Twenty-one, at least right now, doesn’t feel like a beginning. It feels like the start of an ending I didn’t get to prepare for.
Junior year is wrapping itself up in the background—finals week looming, everything feeling temporary in that specific, suffocating way—and I know what comes after isn’t just summer. It’s leaving. It’s distance. It’s choosing a fake life for five weeks that doesn’t have my parents quietly built into it anymore.
No one really tells you that part hits harder than the number itself. And I think, in a quieter, harder-to-admit way, I’m grieving my youth.
Not in a dramatic, “I’m old now” sense—because obviously, I’m not—but in the way that being young used to feel endless. Like I could do whatever I wanted, whenever I wanted, and there would always be time to fix it later.
Now, everything feels like it matters a little bit more. Decisions are starting to stick with age. Which is funny, because I really thought by 21, I would have had everything figured out.
I had a plan. A very clear, very confident plan.
I was going into education. I had that whole “ring by spring” mindset tucked somewhere in me without ever questioning it. I genuinely believed the relationships I had in high school were going to last forever. Which, looking back, feels almost sweet. Or maybe just naïve in a way I kind of miss.
I thought I’d be stable by now. Financially, emotionally, all of it. I thought I’d feel whole in a way that didn’t shift depending on the day.
And instead, I’m here. Not broken. Not lost. But definitely not finished.
Some parts of my life feel solid, like they’ve figured themselves out without asking me first. And other parts? They’re still sitting somewhere in the background, half-formed, waiting for a version of me that has more time or more energy. I keep telling myself I’ll get to them “later,” like later is a place I can actually arrive at.
Because something in me knows life is just starting.
Which might be the most overwhelming part of all of this. The idea that this isn’t the peak, or even close to it; it’s just the opening. Especially for someone who, at seventeen, was half-convinced the world might end before any of this mattered.
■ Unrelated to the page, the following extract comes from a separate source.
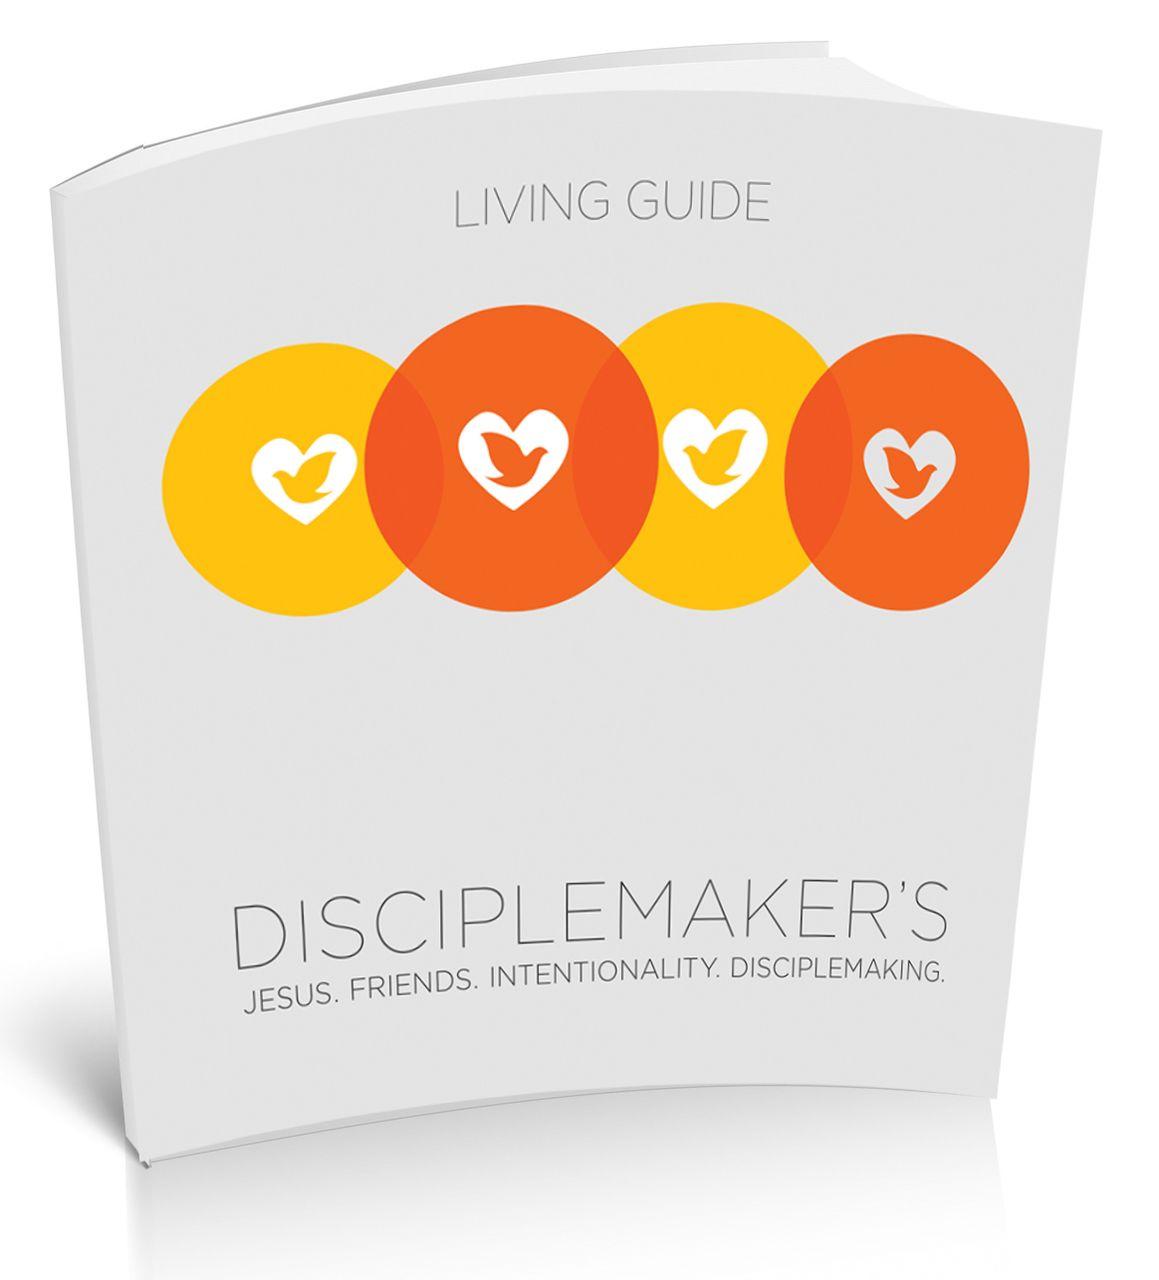 Disciple Maker Logo - Disciplemaker's Living Guide Missionaries Resources & Support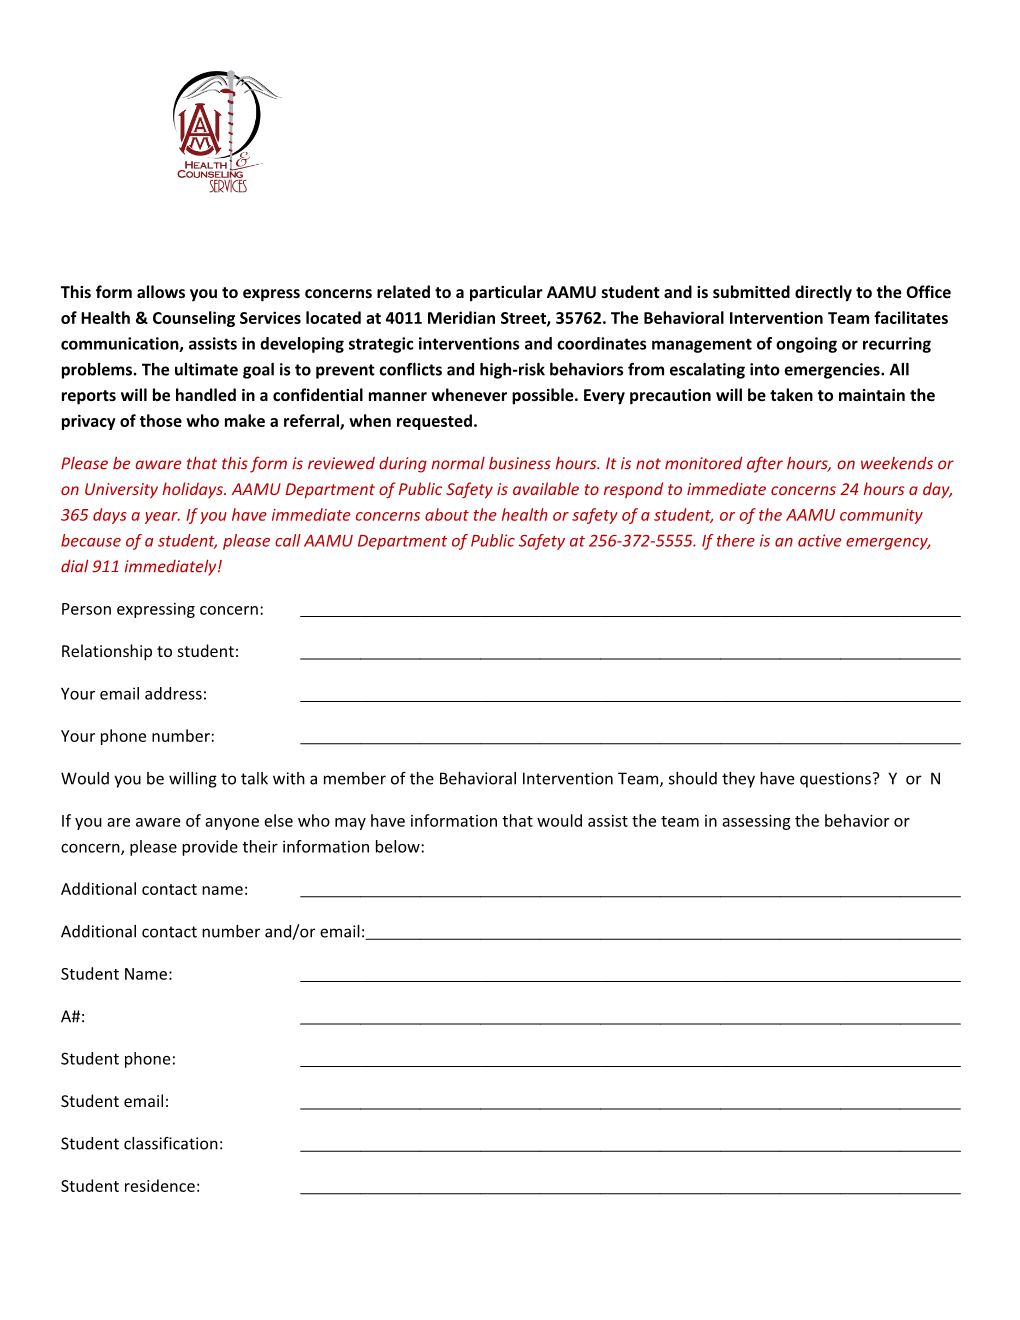 This Form Allows You to Express Concerns Related to a Particular AAMU Student and Is Submitted

There’s something almost surreal about realizing that it didn’t.
I made it here.
I’m about to be twenty-one, and I am going to be in another country, studying abroad, building a version of myself this summer that doesn’t exist yet.
This is the part that stays with me more than anything else.
Not the drinks I get to have, not the pictures, not the number—but the quiet, constant feeling that something is shifting under the surface. Like when you play a song on repeat, and you don’t even realize why until it’s too late to turn it off.
That’s what this feels like.
Like something is about to change, and I am just sitting here, listening to it happen before I have the words for it.
I have this version of my birthday in my head that’s loud, messy, full of people and music and moments that look good in photos. And I’ll have pieces of that, I know I will. I’ll celebrate the weekend before. I’ll laugh, I’ll go out, and I’ll probably try to hold onto my ‘youth’ longer than I should.
But on the actual day, it’s going to be quiet and reflective.
Cupcake for one. My cat is sitting too close to me like she always does. A glass of fruitscato that feels more symbolic than anything else. A FaceTime call home where everything feels exactly the same and completely different at the same time.
And for some reason, that version feels more honest. Because twenty-one doesn’t feel like a moment to me. It feels like a slow shift. Like something ending without asking for attention, and something beginning without announcing itself.
And I am right in the middle of it. not finished, not starting over, just becoming. Whether I am ready to or not.